For example, based on the hub device 1000 receiving a voice input from the user saying "perform a deodorization mode", the hub device 1000 may determine, through the device determination model 1330, that the device for performing the deodorization mode is an air purifier. Next, according to an embodiment, the function determination device determination module 1340 may check whether a function determination model corresponding to the air purifier is stored in the voice assistant server 2000, and may transmit text corresponding to "execute deodorization mode" to the voice assistant server 2000 based on a determination that the function determination model corresponding to the air purifier is stored in the voice assistant server 200. According to an embodiment of the present disclosure, the voice assistant server 2000 may analyze the received text through a function determination model corresponding to the air purifier, and may determine a deodorization mode performing operation as an operation to be performed by the air purifier by using a text analysis result.

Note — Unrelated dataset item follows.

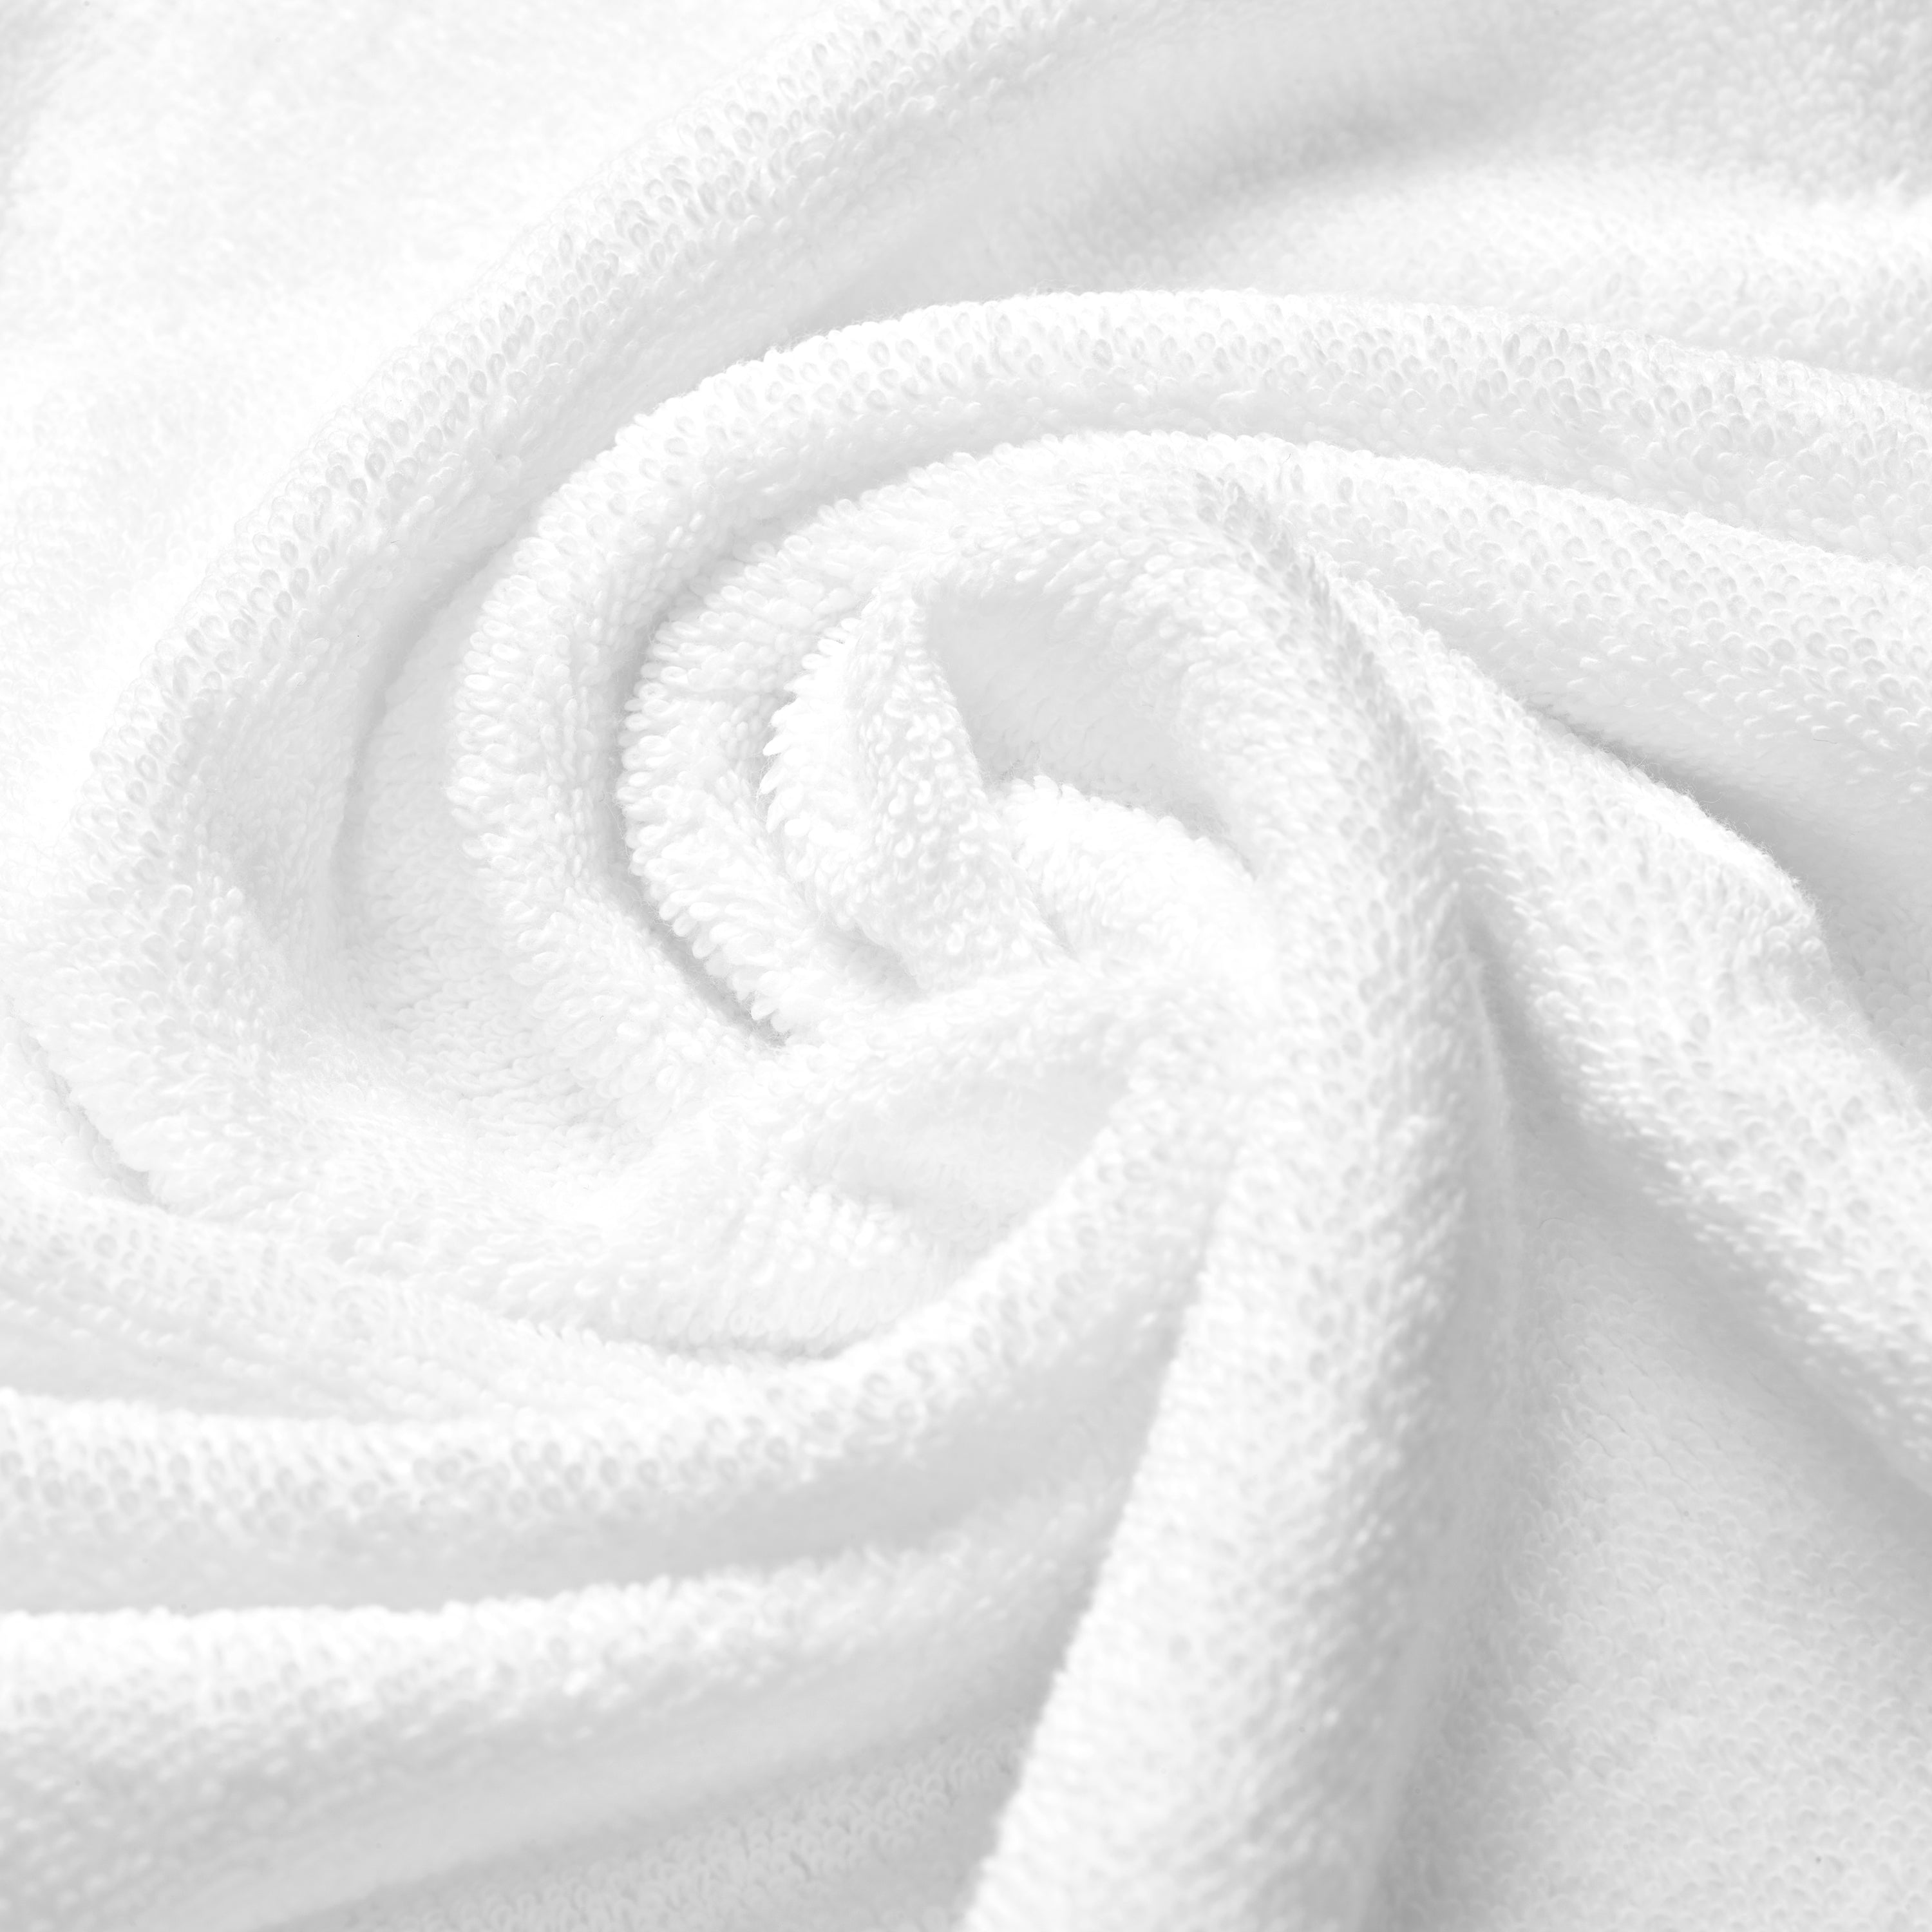 Aquacado 2 Pc Bath & 4 Pc Hand Towel Set of 6 White & Charcoal Grey

According to an embodiment of the present disclosure, the voice assistant server 2000 may transmit operation information regarding the deodorization mode performing operation to the air purifier, in which case the operation information related to the deodorization mode performing operation may be transmitted through the IoT server 3000. That is, according to an embodiment, based on the determination by the device determination model 1330 that the operation performing device is the third device 4300 that is the "air purifier", the function determination device determination module 1340 may transmit at least a portion of the text to the voice assistant server 2000 because the function determination model corresponding to the air purifier is stored in the voice assistant server 2000 (S1).
In an embodiment of the present disclosure, the hub device 1000 itself may store a function determination model corresponding to at least one of the plurality of devices 4000. For example, when the hub device 1000 is a voice assistant speaker, the hub device 1000 may store the speaker function determination model 1352, the speaker function determination model 1352 being used to obtain operation information on detailed operations of performing functions of the voice assistant speaker and relationships between the detailed operations.

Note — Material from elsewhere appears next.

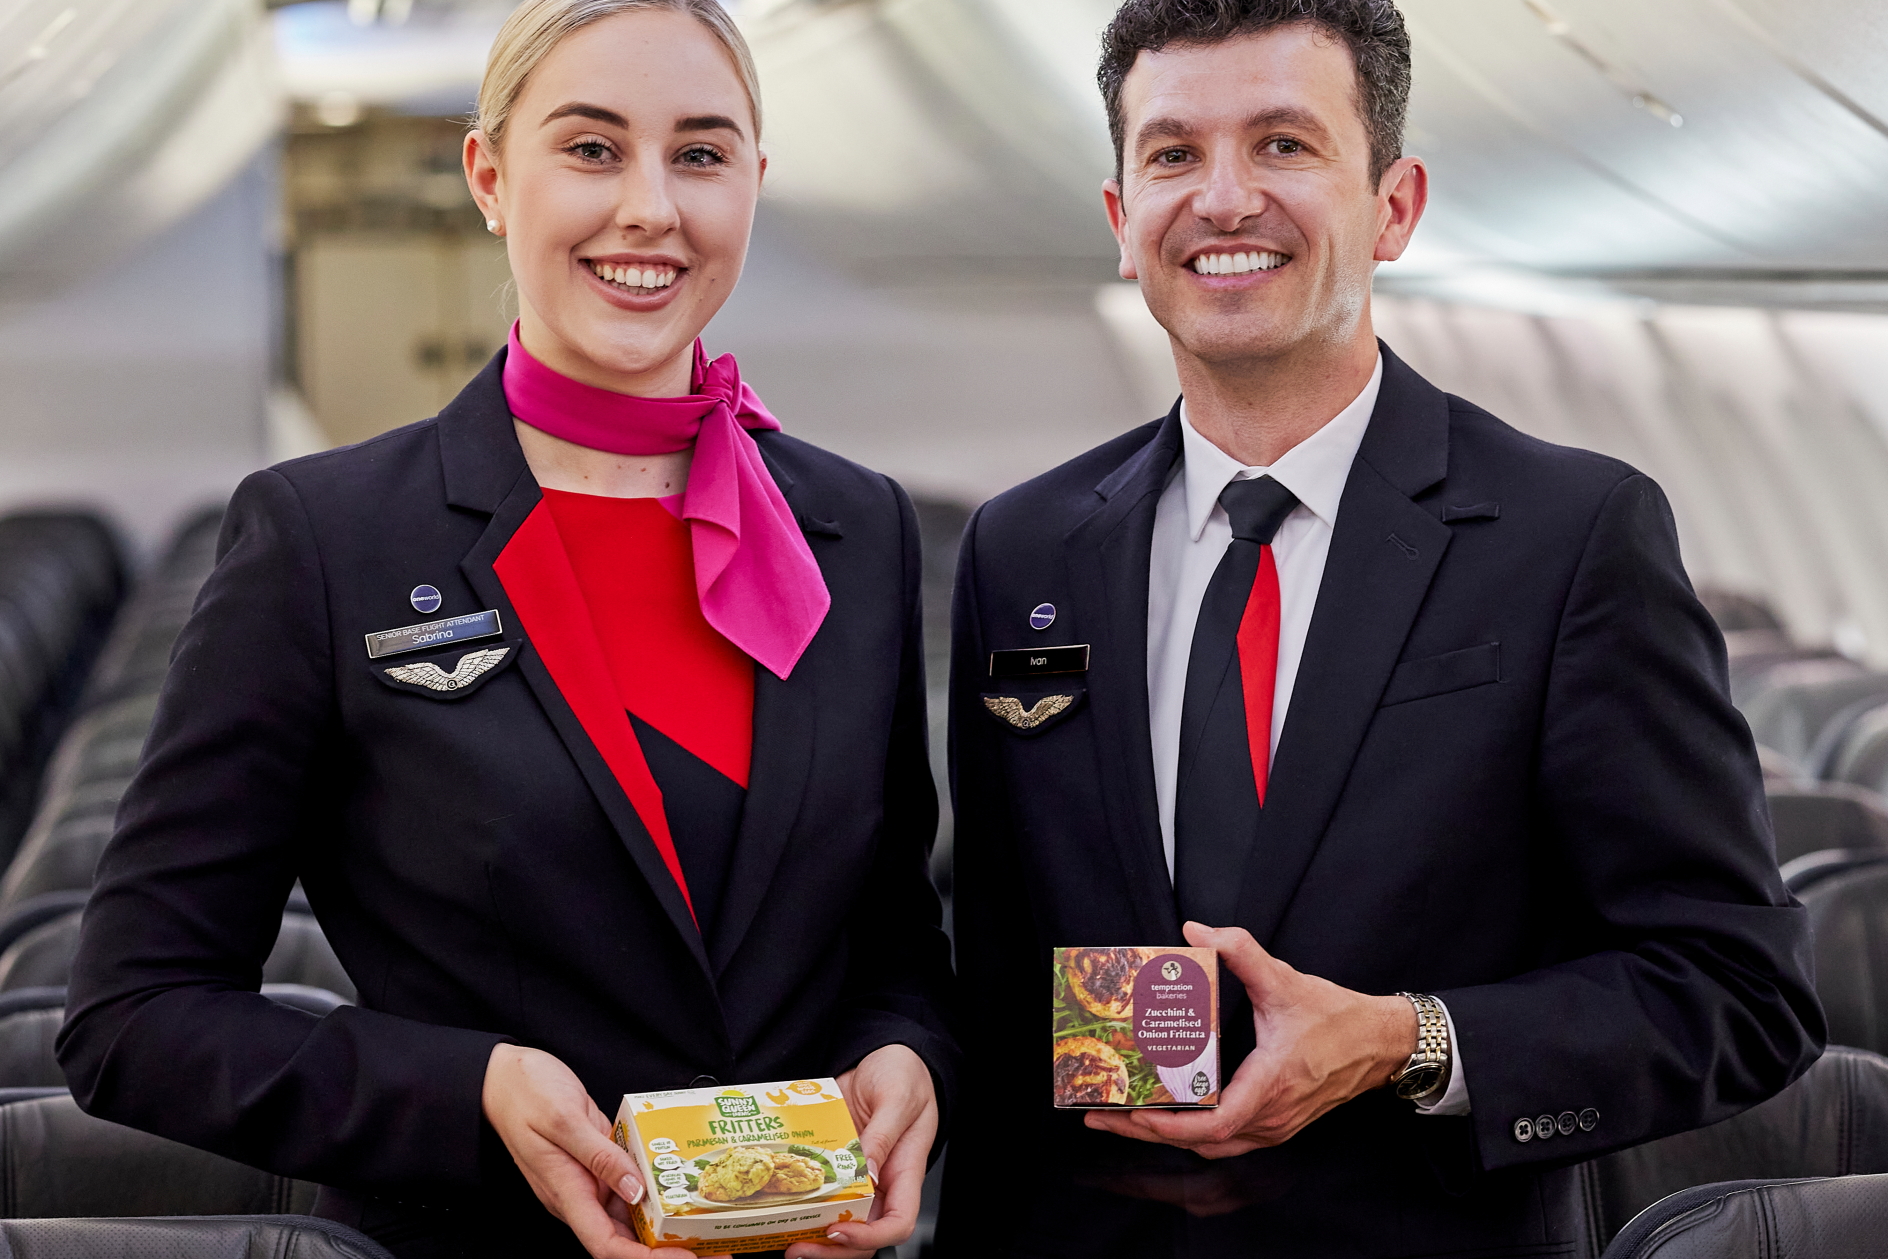 Qantas Launches New Economy Class Menu on Domestic Flights

According to an embodiment, the hub device 1000 may also store a function determination model corresponding to another device. For example, the hub device 1000 may store a TV function determination model 1354 for obtaining operation information on detailed operations corresponding to a TV and relationships between the detailed operations. According to an embodiment of the present disclosure, the TV may be a device previously registered with the IoT server 3000 by using the same user account as that of the hub device 1000.
According to an embodiment, the speaker function determination model 1352 and the TV function determination model 1354 may include second NLU models 1352a and 1354a and action plan management modules 1532b and 1354b, respectively. Second NLU models 1352a and 1354a and action plan management modules 1352b and 1354b are described with reference to fig. 2.

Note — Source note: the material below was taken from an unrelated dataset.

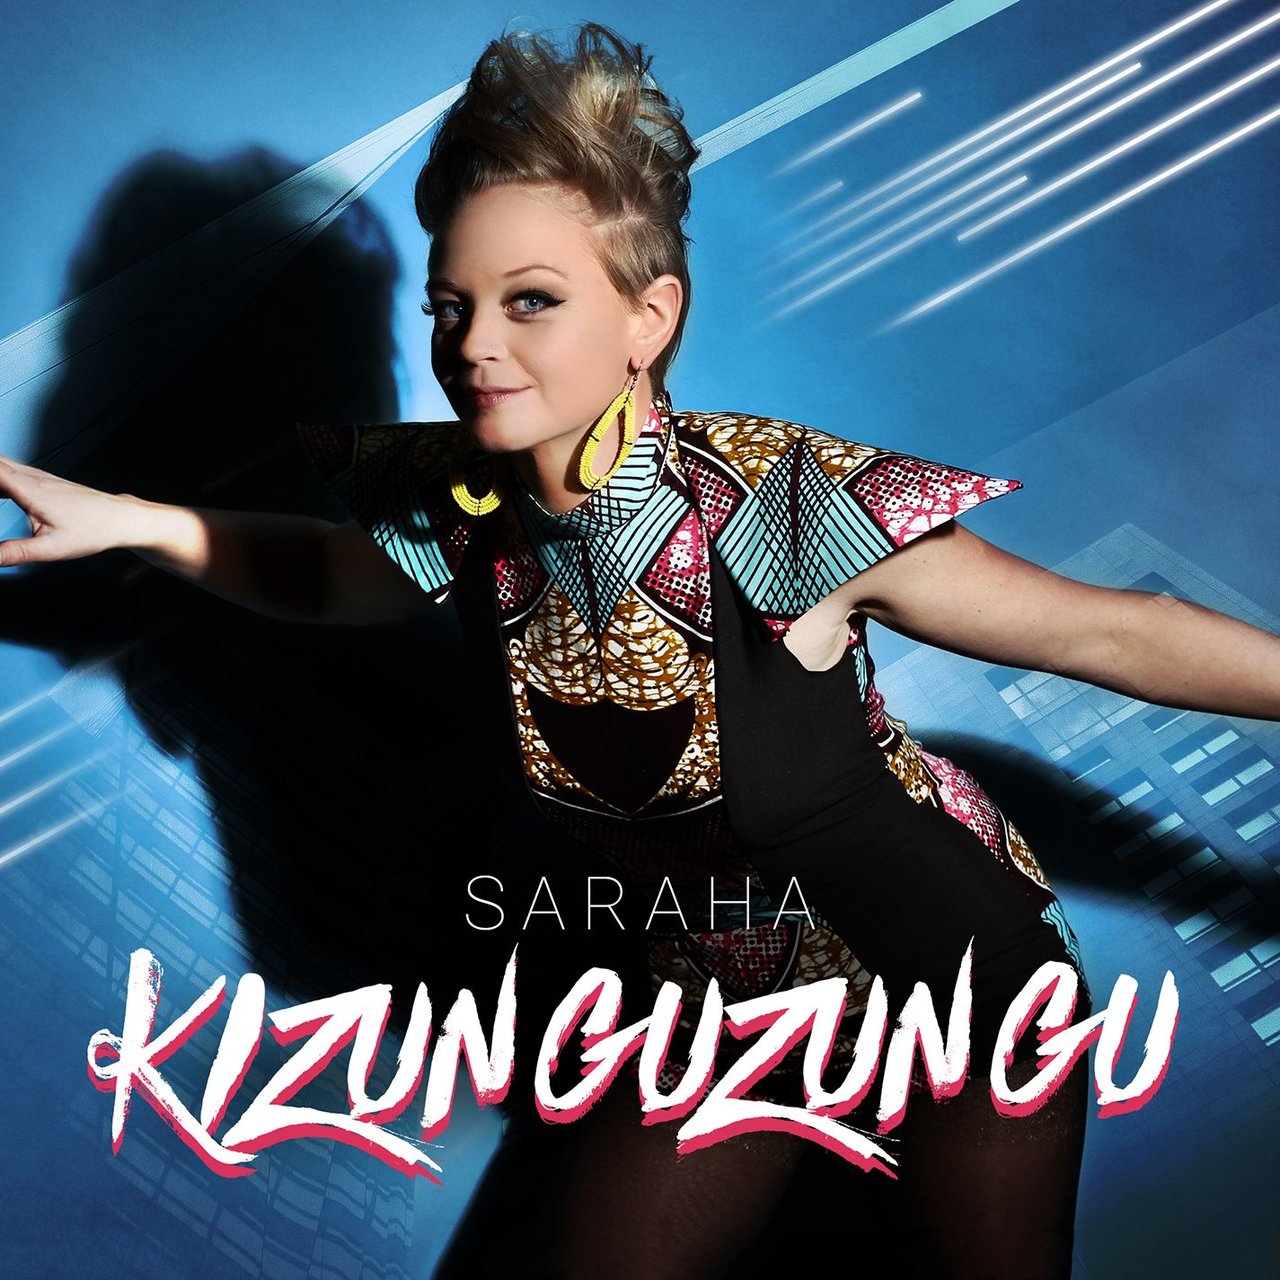 SaRaha Kizunguzungu cover artwork

According to an embodiment, the voice assistant server 2000 may determine an operation performing device for performing an operation intended by the user based on the text received from the hub device 1000. According to an embodiment, the voice assistant server 2000 may receive user account information from the hub device 1000 (S1). According to an embodiment of the present disclosure, based on the voice assistant server 2000 receiving the user account information from the hub device 1000, the voice assistant server 2000 may transmit a query for requesting device information about the plurality of devices 4000 previously registered according to the received user account information to the IoT server 3000 (S9), and may receive device information about the plurality of devices 4000 from the IoT server 3000 (S10). According to an embodiment, the voice device information may include at least one of identification information (e.g., device id information) of each of the plurality of devices 4000, a device type of each of the plurality of devices 4000, a function execution capability of each of the plurality of devices 4000, location information, and status information. According to an embodiment, the voice assistant server 2000 may transmit the device information received from the IoT server 3000 to the hub device 1000 (S2).
Elements of a hub device 1000 according to an embodiment will be described with reference to fig. 2.
According to an embodiment, the voice assistant server 2000 may include a device determination model 2330 and a plurality of function determination models 2342, 2344, 2346, and 2348. According to the embodiment, the voice assistant server 2000 may select a function determination model corresponding to at least a part of the text received from the hub device 1000 from among the plurality of function determination models 2342, 2344, 2346, and 2348 by using the device determination model 2330, and may obtain operation information necessary to operate the execution device to perform the operation by using the selected function determination model. According to an embodiment, the voice assistant server 2000 may transmit the operation information to the IoT server 3000 (S9).
The elements of the voice assistant server 2000 in accordance with an embodiment of the present disclosure are described with reference to fig. 3.
According to an embodiment, the IoT server 3000 may be connected through a network and may store information about a plurality of devices 4000 that were previously registered through a user account using the hub device 1000. In an embodiment of the present disclosure, the IoT server 3000 may receive at least one of user account information with which each of the plurality of devices 4000 logs in, identification information (e.g., device id information) of each of the plurality of devices 4000, a device type of each of the plurality of devices 4000, and function execution capability information of each of the plurality of devices 4000 (S11, S13, and S15). In an embodiment of the present disclosure, the IoT server 3000 may receive state information regarding power on/off or an operation being performed of each of the plurality of devices 4000 from the plurality of devices 4000 (S11, S13, and S15). The IoT server 3000 may store device information and state information received from the plurality of devices 4000.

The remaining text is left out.